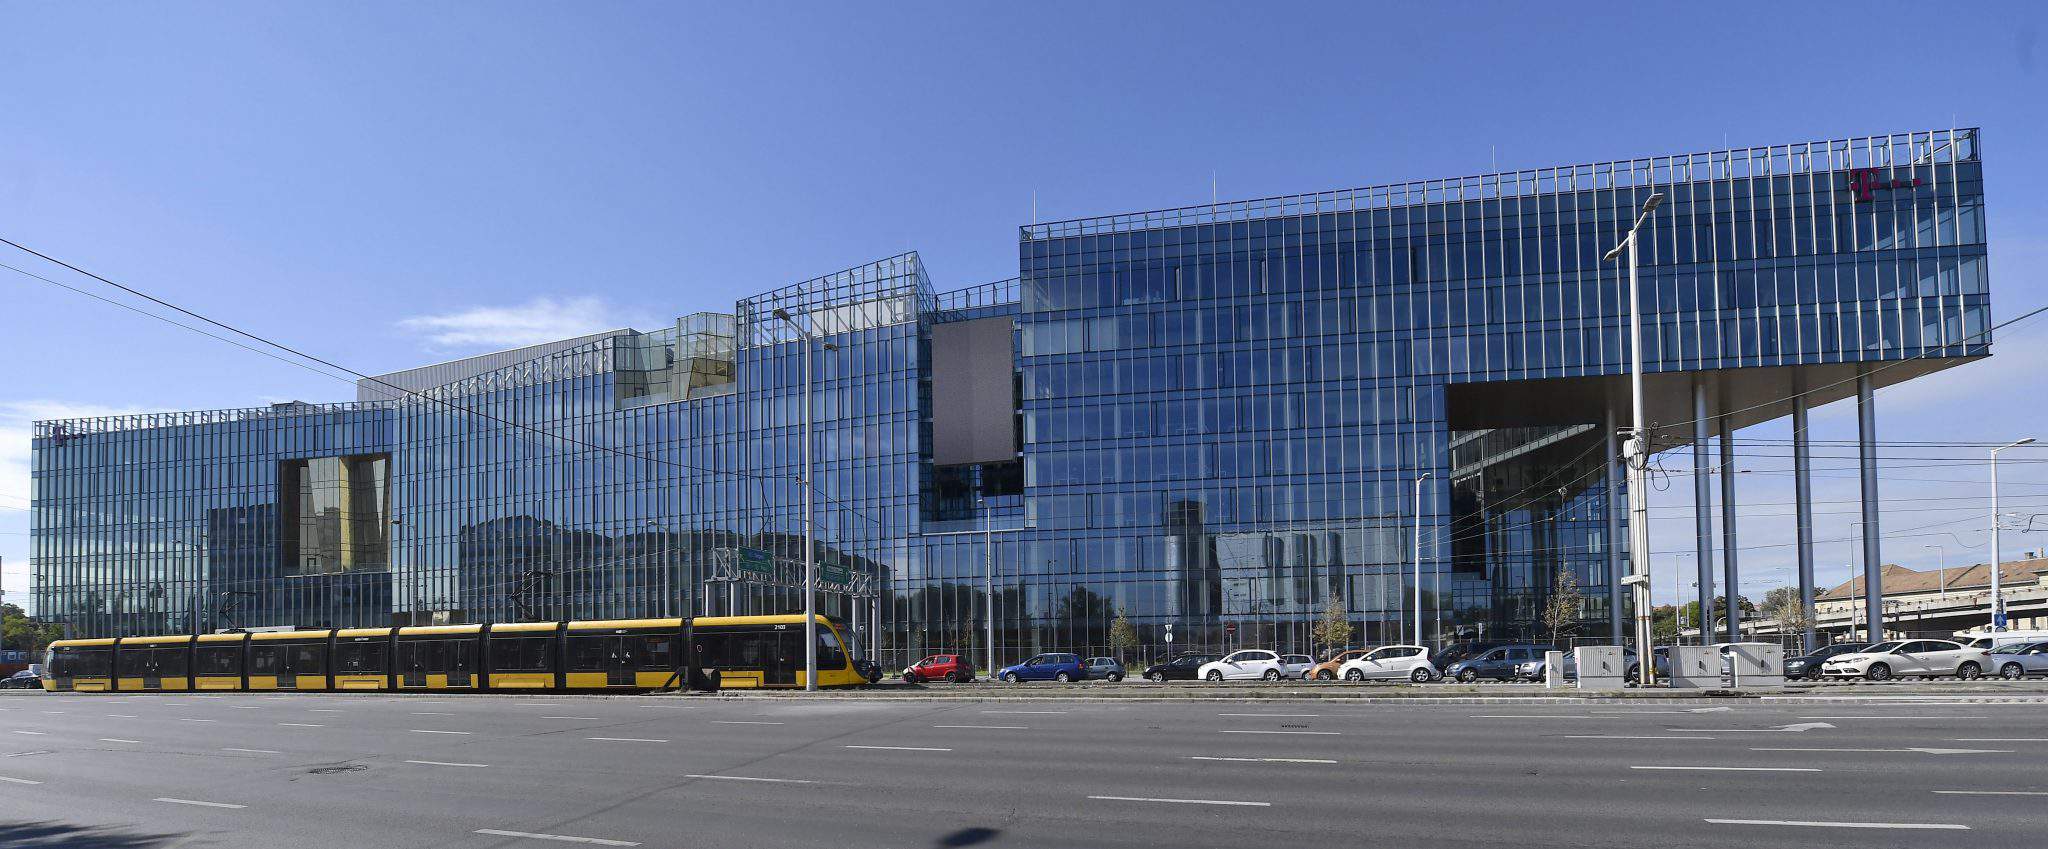 Компанія Wing оголосила про завершення будівництва штаб-квартири Magyar Telekom і T-Systems вартістю 50 мільярдів форинтів (154.5 мільйонів євро).
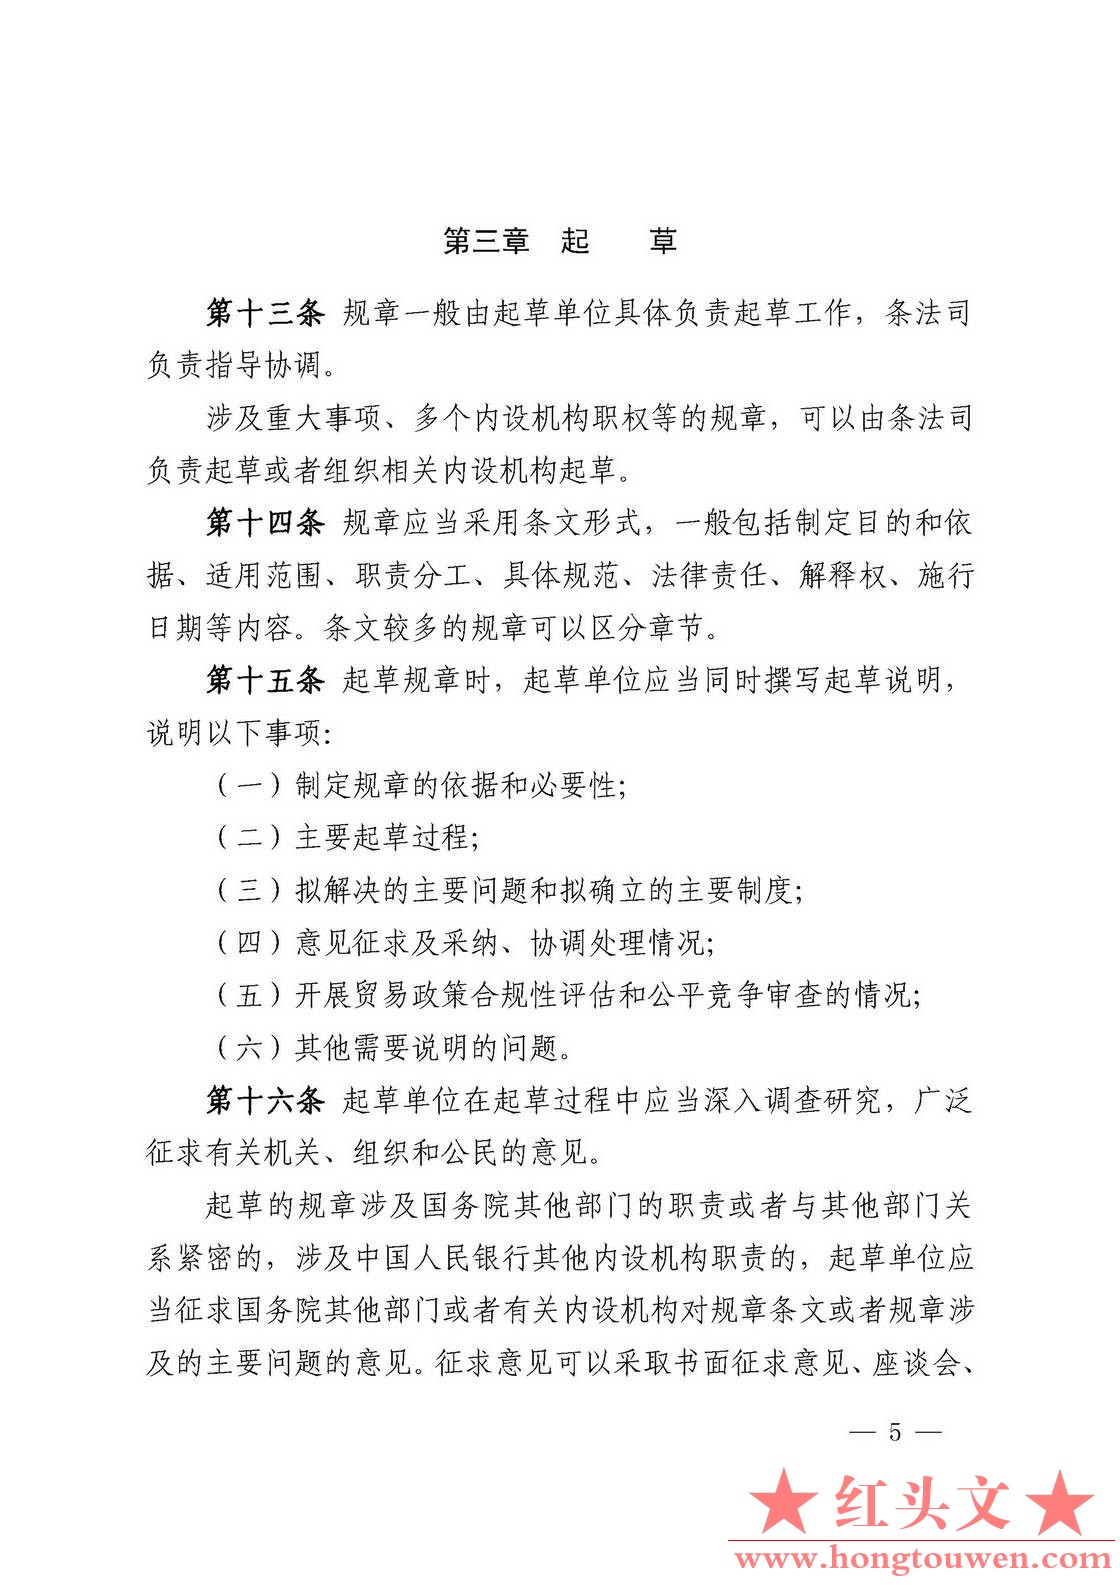 中国人民银行令[2018]3号-中国人民银行规章制定程序与管理规定_页面_05.jpg.jpg
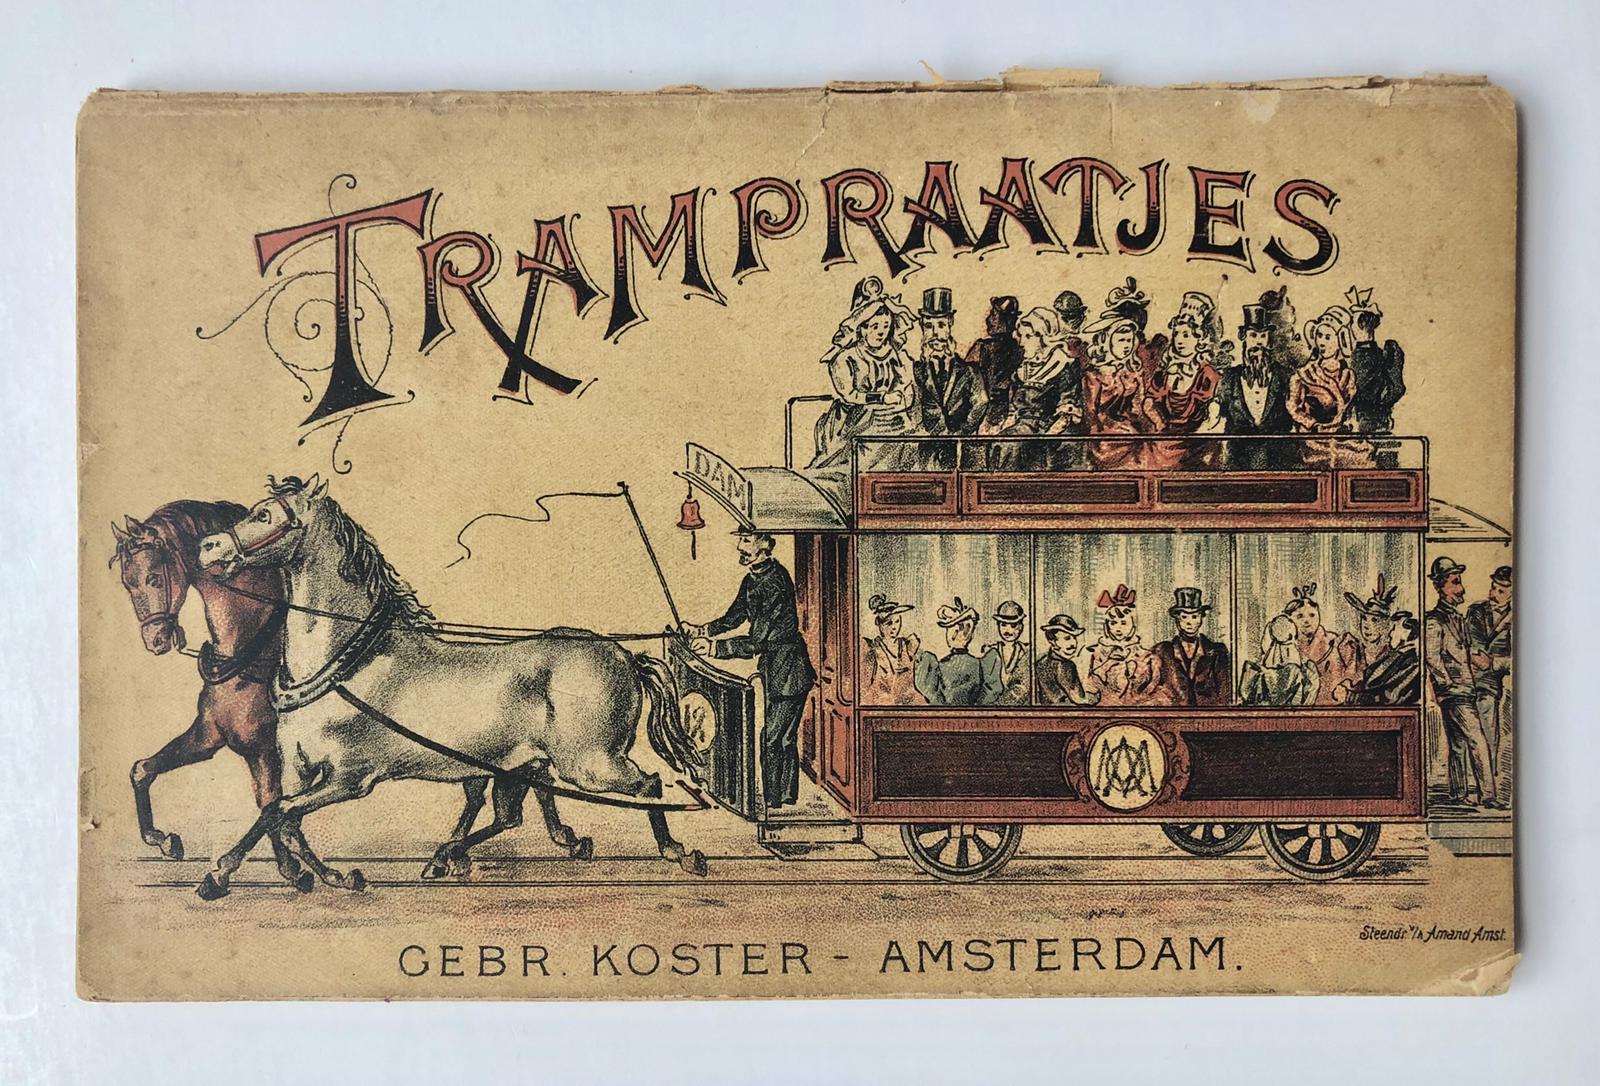 [Transport, Tram, 1896] Jan Courage, 'Trampraatjes', Amsterdam, gebr. Koster, 1896. Gedrukt boekje van 68 pag. Met proza en poezie over de tram met fraai omslag (steendruk Amand) met afbeelding in kleur van een volgeladen paardentram.

------------------------------------------------------------

**Problem to solve**
Without the pictures, retype exactly the lines from the one that holds "中国人民银行令[2018]3" to the last line of the data above, both of them included.

**Reply to the task**
 中国人民银行令[2018]3号-中国人民银行规章制定程序与管理规定_页面_05.jpg.jpg
 [Transport, Tram, 1896] Jan Courage, 'Trampraatjes', Amsterdam, gebr. Koster, 1896. Gedrukt boekje van 68 pag. Met proza en poezie over de tram met fraai omslag (steendruk Amand) met afbeelding in kleur van een volgeladen paardentram.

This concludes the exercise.